Перерыв был самым голодным временем за смену. Как раз в перерыв и вспоминалось, что сейчас время есть. Настроение было напряженным. Часть цехов была эвакуирована, они стояли ободранными, без станков, без электропроводки, с зарядами тола, заложенными в специальные камеры. Эти камеры долбили в стенах цехов специальные команды и те заводские ребята, которые были в эти команды назначены. Камеры были готовы и в тех цехах, где работа шла полным ходом, и в тех, где собственные краны снимали с фундаментов станки. И хотя можно привыкнуть к тому, что работаешь рядом с мощным зарядом тола, забыть об этом все же нельзя. Немцы продолжали наступать, и сообщения в газетах делались все более смутными. И хотя неизвестно, кого в этом нужно винить, виновного нашли бы и тут, у сушильной печи, если бы люди дали волю своему раздражению. Все друг друга знали хорошо, помнили, кто и что до войны говорил на собраниях. Однако настроение было мрачное, а разговоры мрачными не были. Говорили те, кто умел это делать лихо. В ходу была шутка о калориях. О том, что тонна воды по калорийности заменяет грамм сливочного масла.

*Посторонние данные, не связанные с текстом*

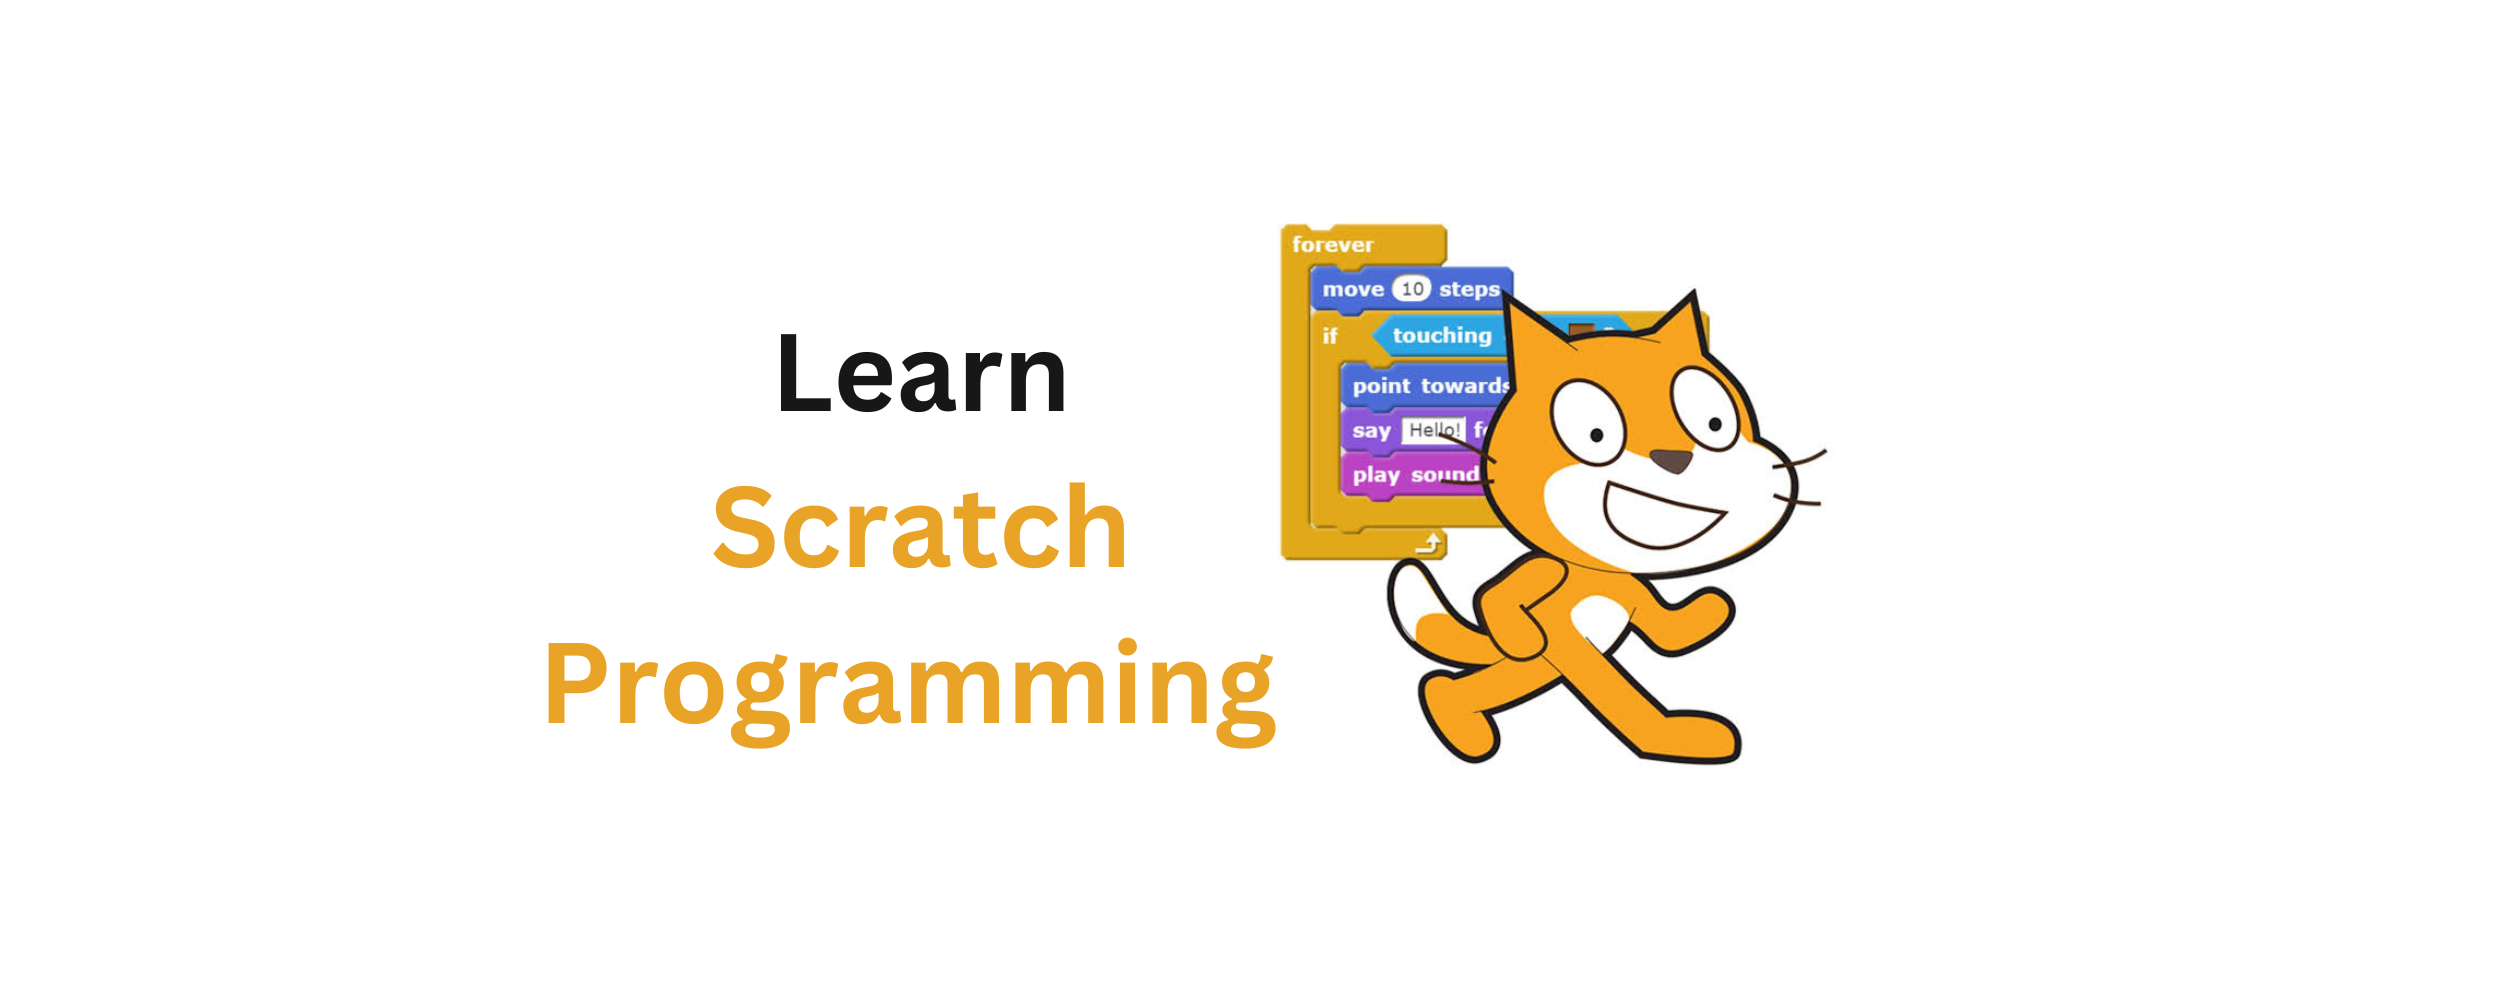 Learn Scratch Programming

Вчерашние ремесленники, мальчишки, учились здесь тому, как вести себя на заводе, учились верному тону, обязательному для всех, кто уважает себя. Были мелочи, которые перенимались бессознательно, а были и такие, которые требовали наблюдательности и душевной дисциплины. Как ни мал перерыв, с грязными руками нельзя подойти к людям. Руки надо тщательно отмыть маслом или керосином, продрать их песком, вытереть ветошью. Работаешь в грязи — покажи свою чистоплотность. Если кто-то скромно жует в сторонке, а у тебя хлеб уже съеден, посмотри на него равнодушно и отчужденно. Долго смотреть или слишком быстро отводить глаза одинаково неприлично. Садишься на радиатор, на кучу разогретого песка, на металлическую чушку — подложи рабочие рукавицы, свернутый брезентовый фартук, если он у тебя есть, найди кусок картона — просто так не садись. Если в компании больше трех человек, говорить об усталости, слабости, голоде, вообще на что-то жаловаться — верх неприличия. Пожаловаться на то, что одолевает сон или голод, можно, только если ты с приятелем вдвоем. А если вас уже трое, лучше всего уверять, что ни спать, ни есть не хочется и никогда не хотелось. Для того чтобы это звучало убедительно, нужно выработать убедительное выражение лица — холодность, за которой просматривается угроза: «Я говорю, значит, так и есть!» Если же тебя уличили в том, что ты дремал над станком, лучше всего посмеяться первому над собой. Вообще голод, холод, сонливость, болезненность годятся только для того, чтобы смеяться над ними. Мальчишки учились достоинству. И тот, кто не стеснялся обнаруживать свою слабость, осуждался и осмеивался прежде всего потому, что он нарушал приличия.
Обнаруживать свою слабость было никак нельзя еще и потому, что, помимо всего прочего, существовало убеждение: может быть, немцы и сильнее нас пока технически, но уж, конечно, духовно наши люди мужественнее. И если это еще не сказалось на фронте, рано или поздно все равно скажется.